Mantener caliente la carne y colar el fondo del asado. Remover la harina en el Jerez y ligar con ello el fondo. Dejar cocer suavemente 10 minutos sin dejar de remover. Refinar la salsa con la nata, salpimentar y servir espolvoreado con perejil picado. 
Fondo oscuro de caza: 
Preparacion 30 minutos. 
Coccion 1 h. 45 minutos.
Ingredientes para 1/2 litro: 500 gr. de huesos, recortes y despojos de caza, 
5 cl. de aceite, 
200 gr. de tomates maduros, 
100 gr de zanahorias, 
80 gr. de cebollas, 
20 gr. de chalotas grises, 
10 gr. de ajo, 
tomillo, 
laurel. 

Método
: Machacar los ajos, los recortes y los despojos. Dorarlos con aceite, en la bandeja del horno a 240º C, 15 minutos.
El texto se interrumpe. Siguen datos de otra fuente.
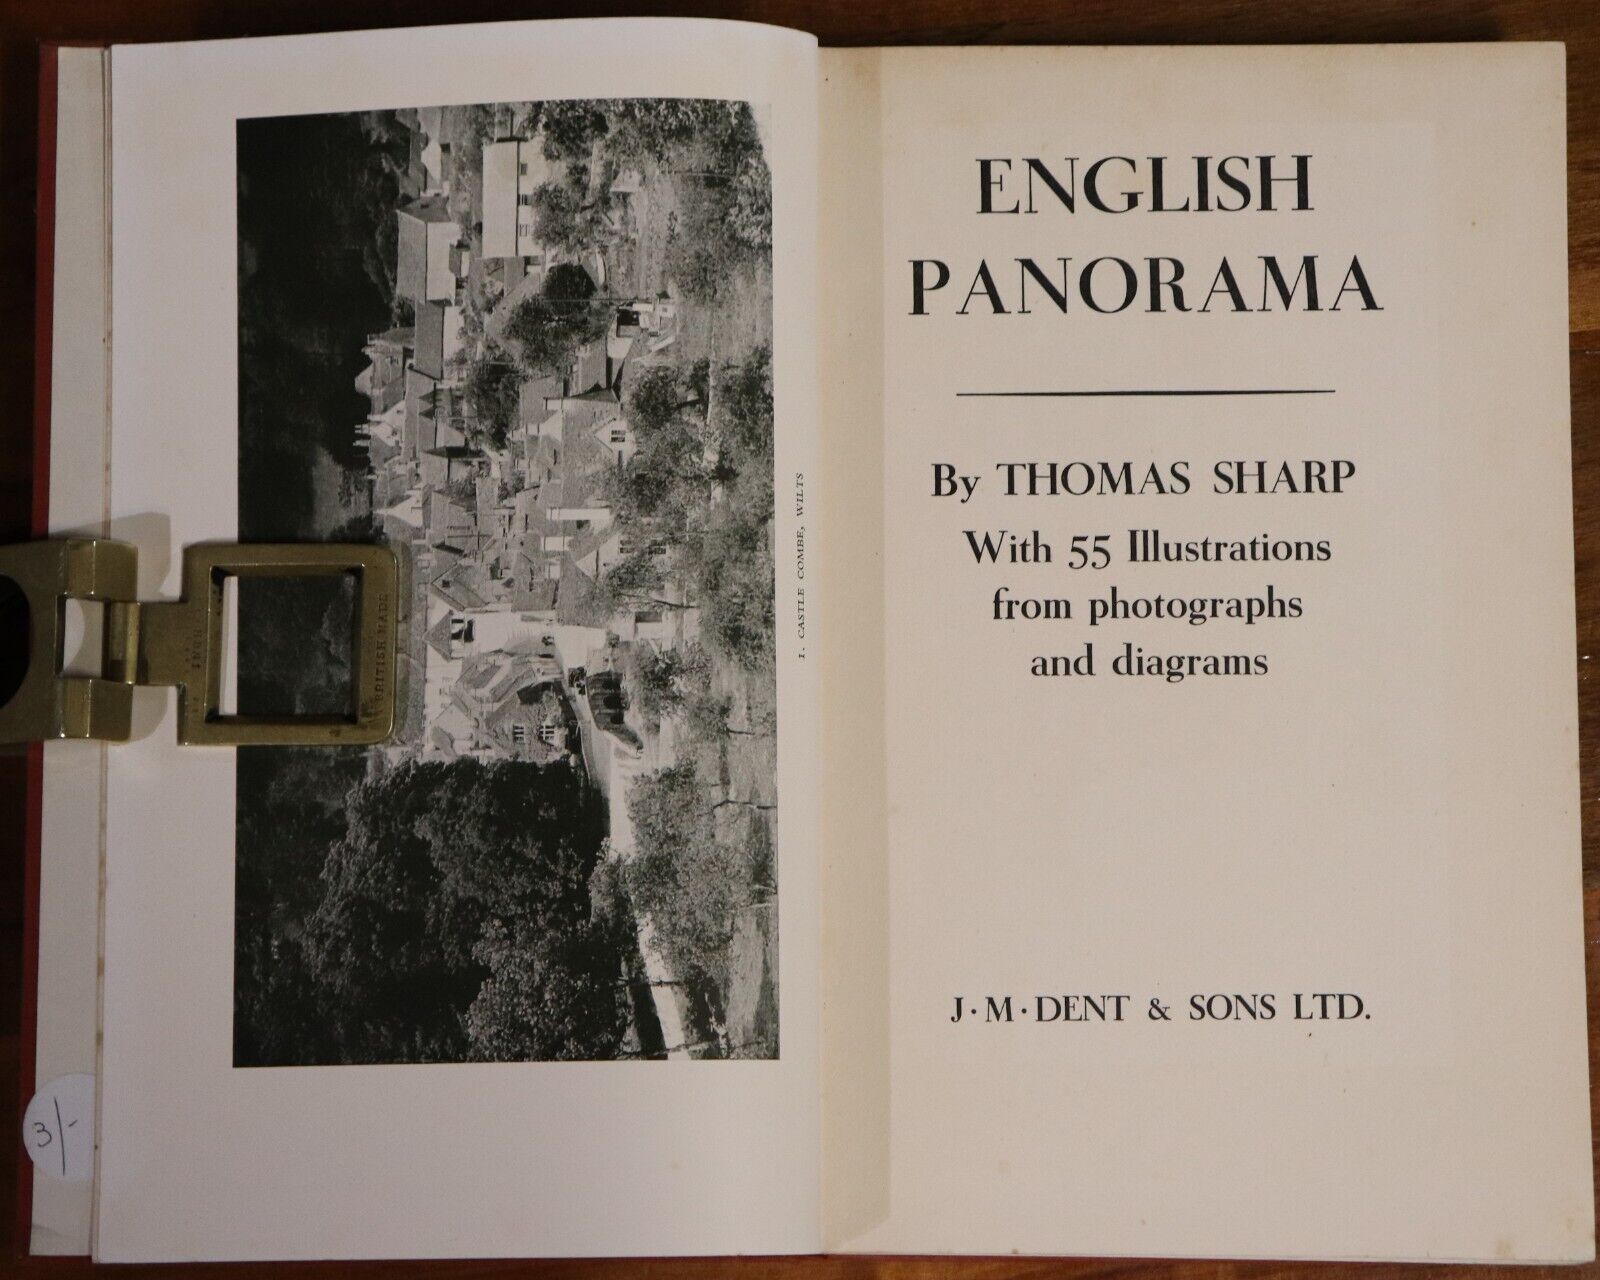 English Panorama by Thomas Sharp - 1936 - 1st Edition Antique Architecture Book - 0

Remover para que tomen color uniformemente. Pelar, limpiar y lavar las verduras. Cortarlas en trocitos y estofarlas 5 minutos en la bandeja del horno. Añadir las hierbas aromáticas sin salar. Pasarlo todo a una cazuela. Desglasar la bandeja de cocción con un litro de Agua fría y añadirla a la cazuela. Llevar a ebullición, espumar y cocer a fuego lento durante 1 hora y media. Pasarlo por un colador Fino y reservar. 
Nota: Los tomates pueden sustituirse por una cucharada de concentrado de tomate. Para que el fondo quede ligado, añadir 50 gr. de harina antes de las verduras. Remover bien.

Me sumo a comer jabalí, que RICO


----------